→ **About this task**
Word for word, reproduce the listing that follows, excluding any pictures it contains.

→ **Data extract**
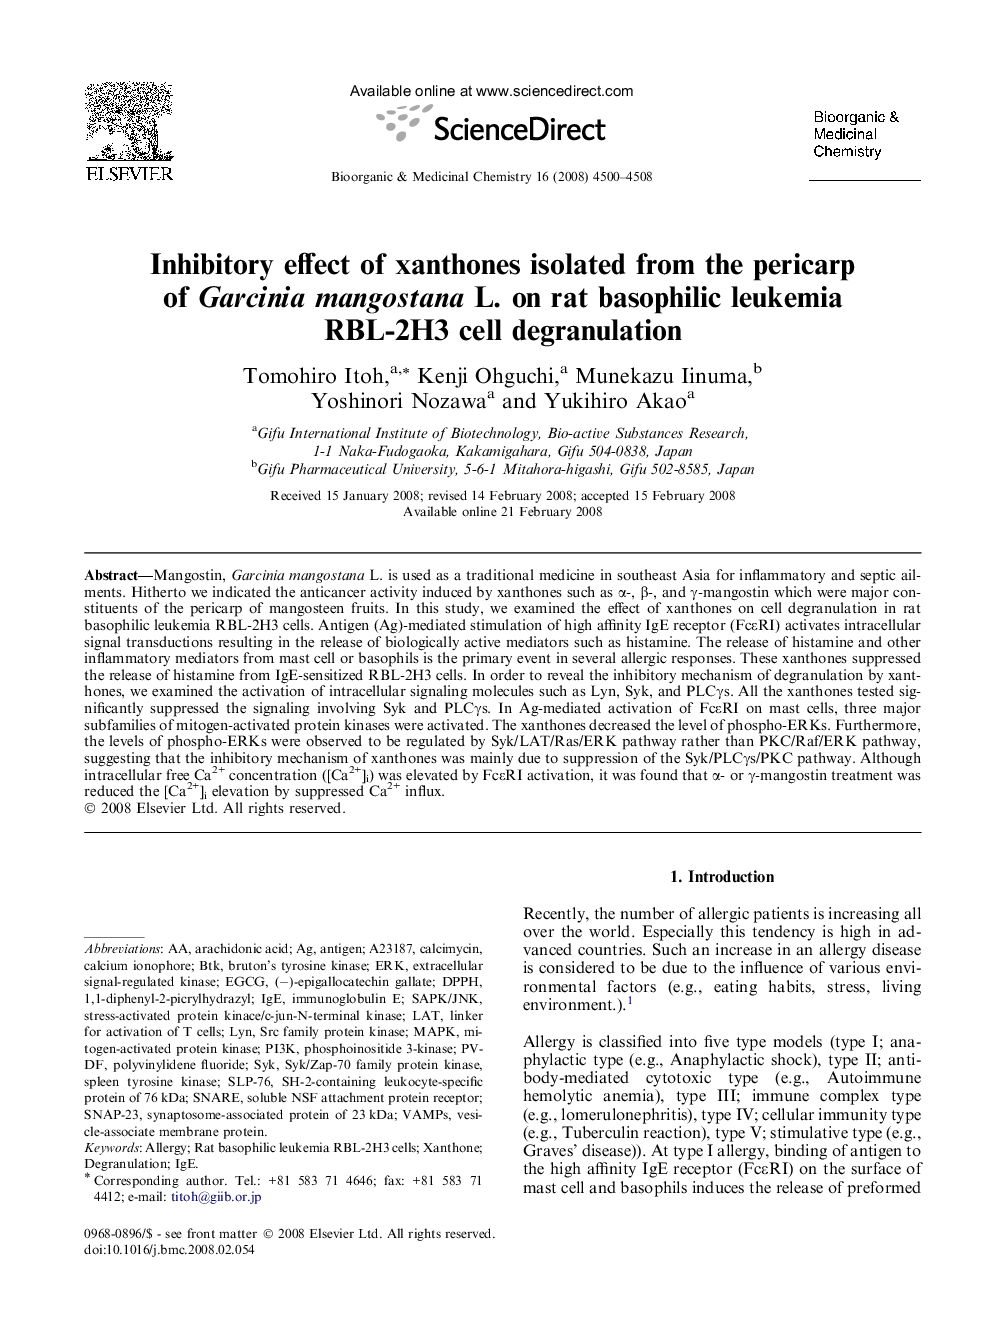 Inhibitory effect of xanthones isolated from the pericarp of Garcinia mangostana L. on rat basophilic leukemia RBL-2H3 cell degranulation
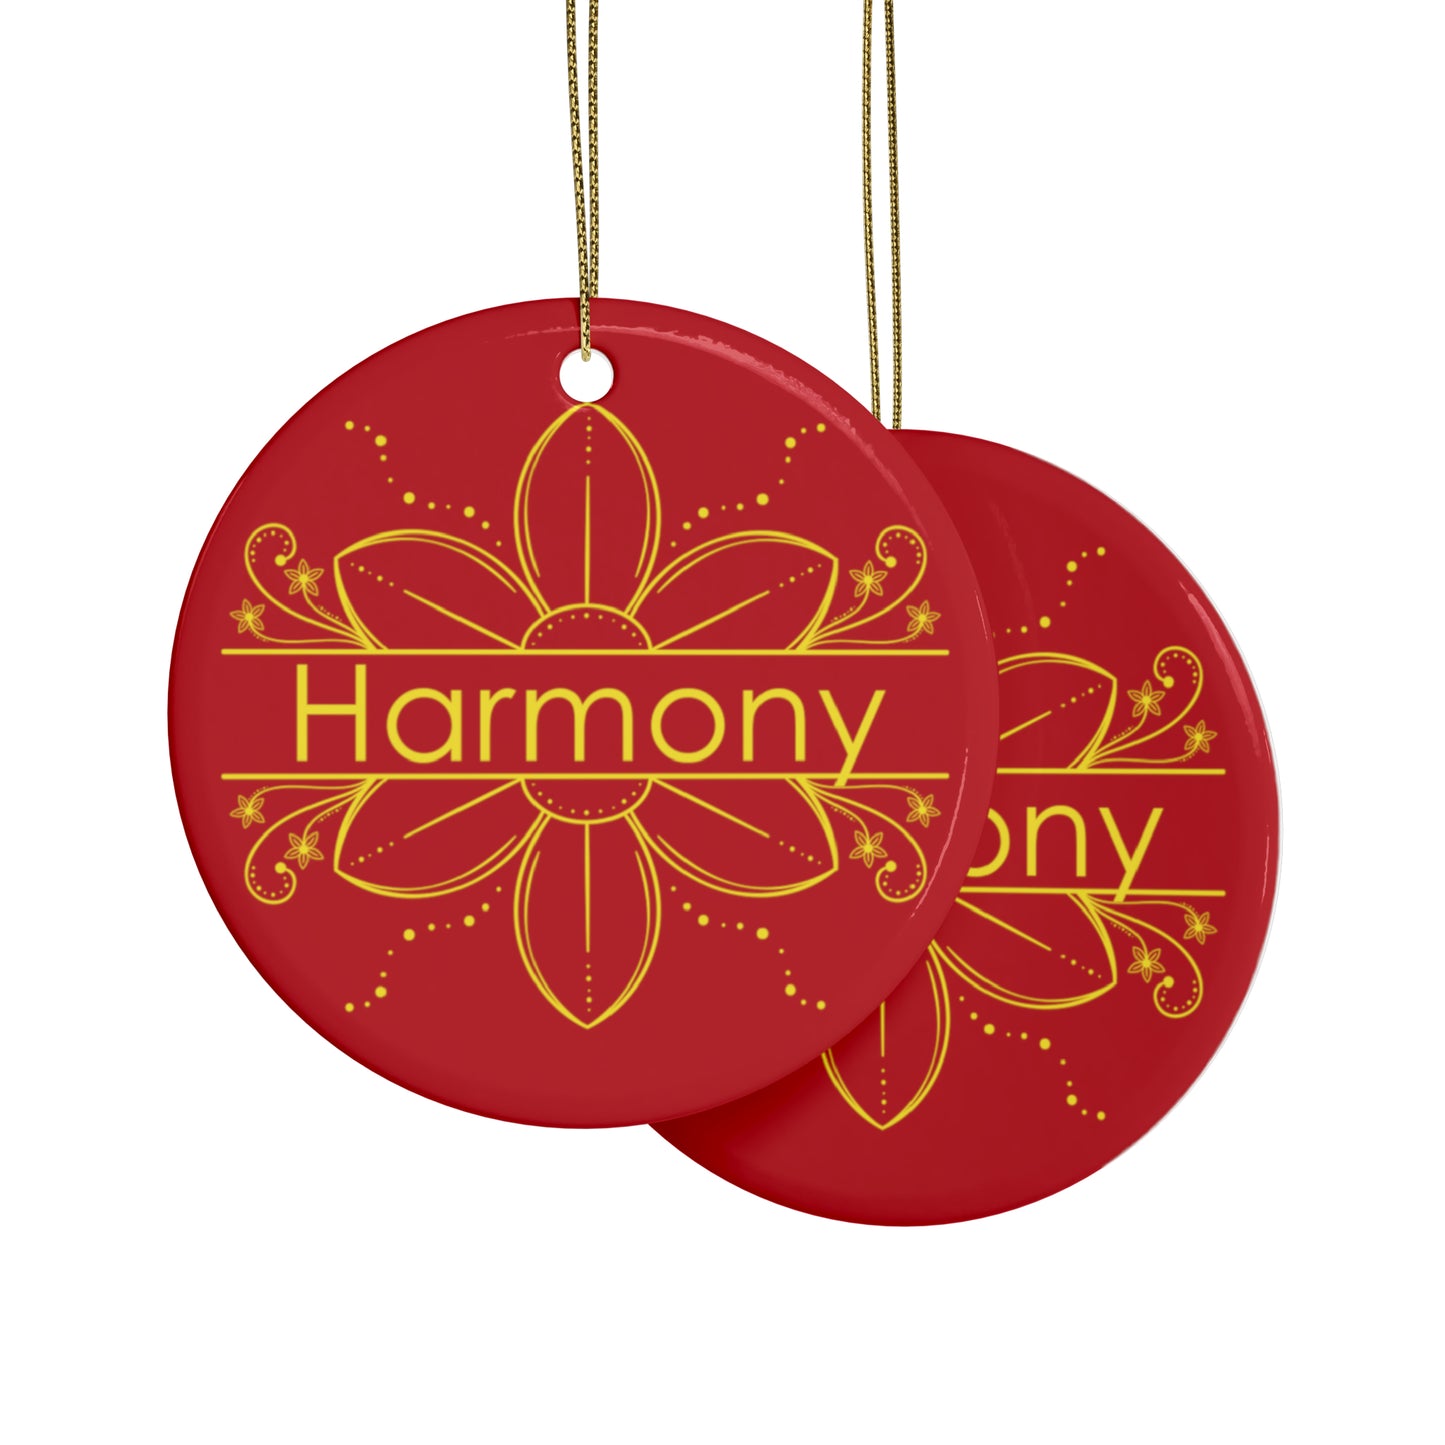 "Harmony" Ceramic Ornament (Red)
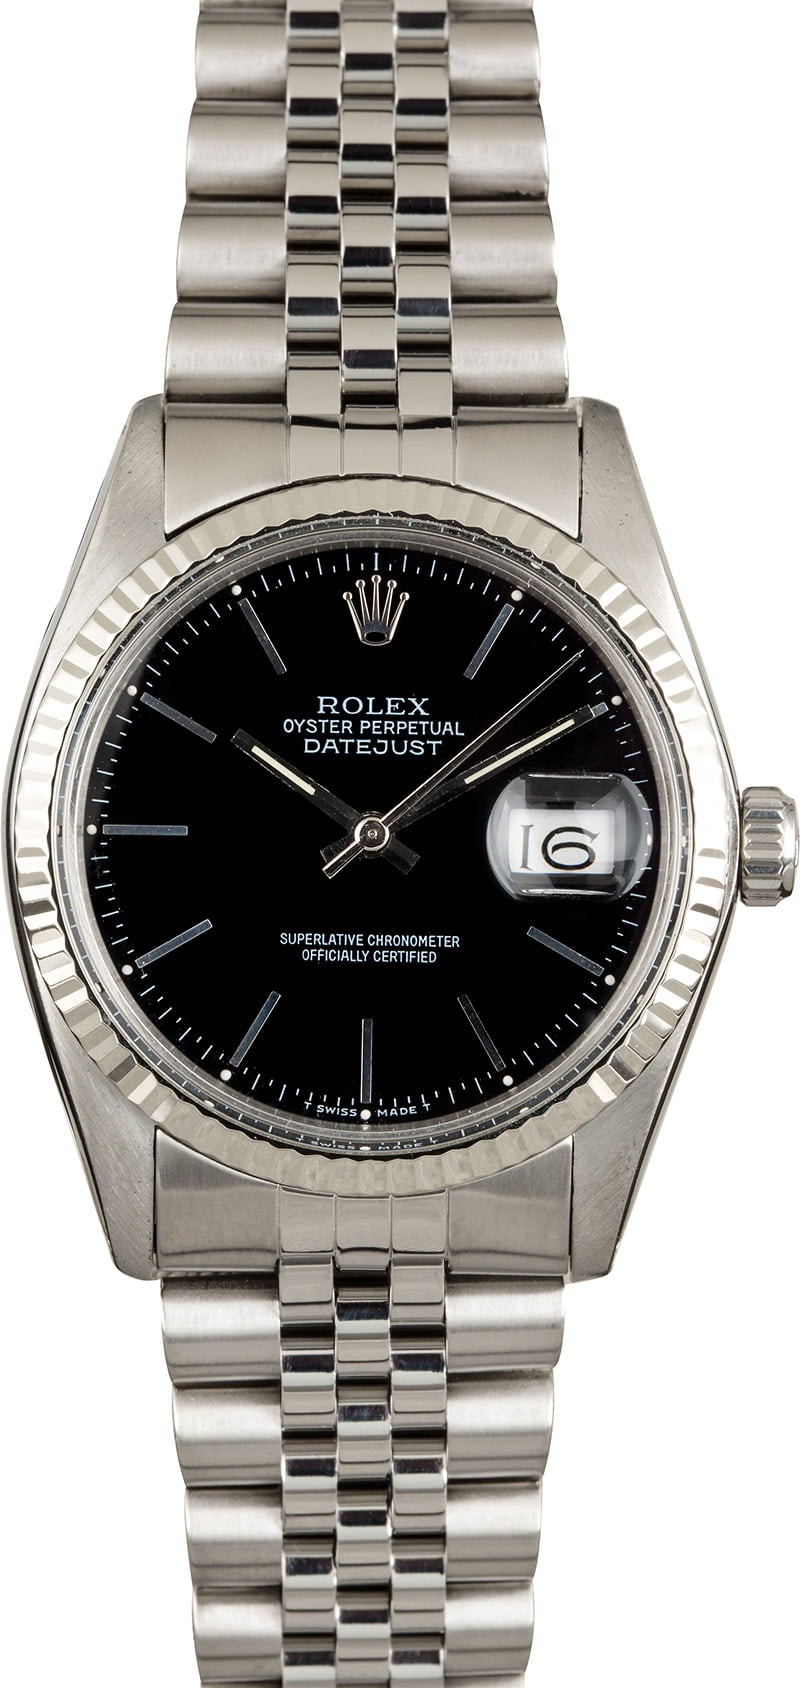 Imitation Rolex Datejust 16014 Black Index Dial Jubilee Band WE04302

→ **Response for this exercise**
 Inhibitory effect of xanthones isolated from the pericarp of Garcinia mangostana L. on rat basophilic leukemia RBL-2H3 cell degranulation
 "Harmony" Ceramic Ornament (Red)
 Imitation Rolex Datejust 16014 Black Index Dial Jubilee Band WE04302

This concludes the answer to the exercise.